Source records
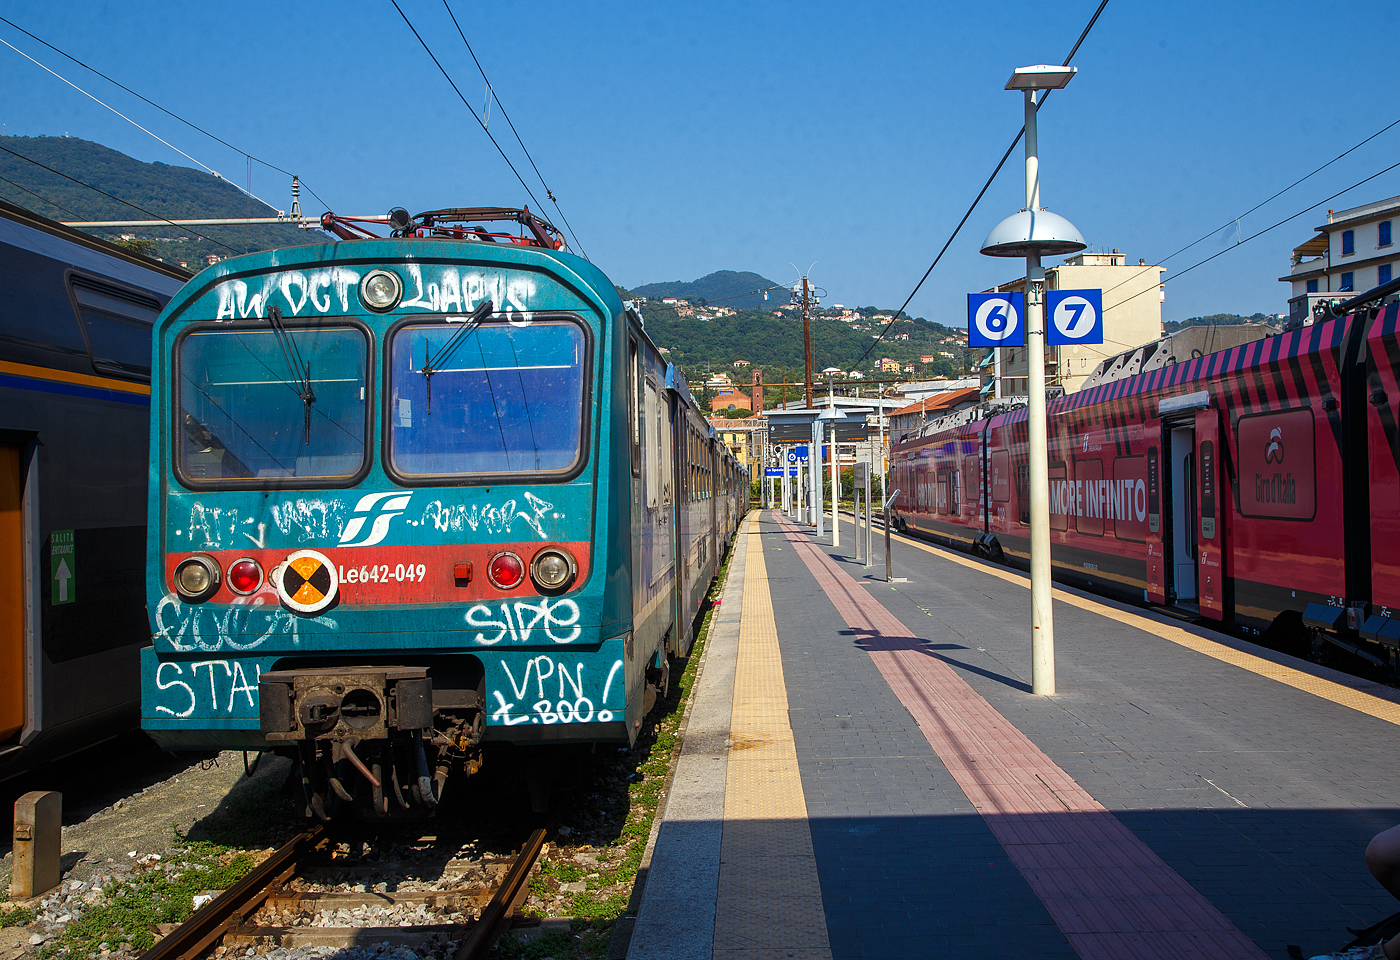 Der Trenitalia ALe 642 / Le 764 / Le 682 steht am 21.07.2022 im Bahnhof La Spezia Centrale.
Die Elektrotriebzge der Baureihen ALe 642 / Le 764 / Le 682 der italienischen Ferrovie dello Stato (FS) sind leichte Elektrotriebzge, die von 1991 bis 1995 beschafft wurden. Die zwischen 1991 und 1995 gelieferter Serie umfasste 60 Triebwagen (Ale 642), 24 Steuerwagen (Le 682) und 48 Zwischenwagen (Le 764). Gebaut wurden sie durch AnsaldoBreda, Firema sowie Stanga. Die Triebwagen haben nur einen Fhrerstand und werden deshalb immer mindestens mit dem zugehrigen Steuerwagen Le 682 oder mit einem zweiten Triebwagen ALe 642 eingesetzt. Es knnen zustzlich ein bis zwei Zwischenwagen Le 764 eingereiht werden. Die Zge sind wegen genderter Steuerstromkreise nicht kompatibel mit den vorhergehenden Zgen, den Triebwagen ALe 724 oder ALe 582. 

Diese Elektrische Triebzge sind eine Weiterentwicklung der Triebwagen ALe 582 und der dazu gehrenden Steuer- und Zwischenwagen, die Ende der 1980er Jahre geliefert wurden. Neben den genderten Steuerstromkreisen wurde der Triebwagen wieder auf reine 2.-Klasse-Bestuhlung umgestellt und im Steuerwagen das Gepckabteil entfernt und zustzliche Pltze 2. Klasse untergebracht.

Die Triebwagen sind mit vier Fahrmotoren ausgerstet, die ber Chopper mit Energie versorgt werden. Die elektrische Bremse kann sowohl als Nutzbremse wie auch als Widerstandsbremse betrieben werden. Ein statischer Hilfsbetriebeumrichter erzeugt 380 V 50 Hz Wechselstrom zur Versorgung der Hilfsbetiebe.

TECHNISCHE DATEN der Triebwagen ALe 642
Spurweite: 1.435 mm (Normalspur)
Achsfolge: Bo 'Bo'
Lnge ber Puffer: 26.115 mm
Drehzapfenabstand: 17.540 mm
Achsabstand im Drehgestell: 2.560 mm
Raddurchmesser:  860 mm (neu)
Eigengewicht: 54 t
Anzahl der Motoren: 4
Motortyp: 4 EXH 4046
bersetzungsverhltnis:  30/75
Stundenleistung:  4 x 313 kW = 1.252 kW
Dauerleistung: 4 x  280 kW = 1.120 kW
Hchstgeschwindigkeit: 140 km/h
Stromsystem: 3 kV DC (3000 V =)

_Exercise directions_
In the data above, find each line where the string "Zwischenwagen" appears, then copy it.

_Exercise solution_
Die Elektrotriebzge der Baureihen ALe 642 / Le 764 / Le 682 der italienischen Ferrovie dello Stato (FS) sind leichte Elektrotriebzge, die von 1991 bis 1995 beschafft wurden. Die zwischen 1991 und 1995 gelieferter Serie umfasste 60 Triebwagen (Ale 642), 24 Steuerwagen (Le 682) und 48 Zwischenwagen (Le 764). Gebaut wurden sie durch AnsaldoBreda, Firema sowie Stanga. Die Triebwagen haben nur einen Fhrerstand und werden deshalb immer mindestens mit dem zugehrigen Steuerwagen Le 682 oder mit einem zweiten Triebwagen ALe 642 eingesetzt. Es knnen zustzlich ein bis zwei Zwischenwagen Le 764 eingereiht werden. Die Zge sind wegen genderter Steuerstromkreise nicht kompatibel mit den vorhergehenden Zgen, den Triebwagen ALe 724 oder ALe 582. 
Diese Elektrische Triebzge sind eine Weiterentwicklung der Triebwagen ALe 582 und der dazu gehrenden Steuer- und Zwischenwagen, die Ende der 1980er Jahre geliefert wurden. Neben den genderten Steuerstromkreisen wurde der Triebwagen wieder auf reine 2.-Klasse-Bestuhlung umgestellt und im Steuerwagen das Gepckabteil entfernt und zustzliche Pltze 2. Klasse untergebracht.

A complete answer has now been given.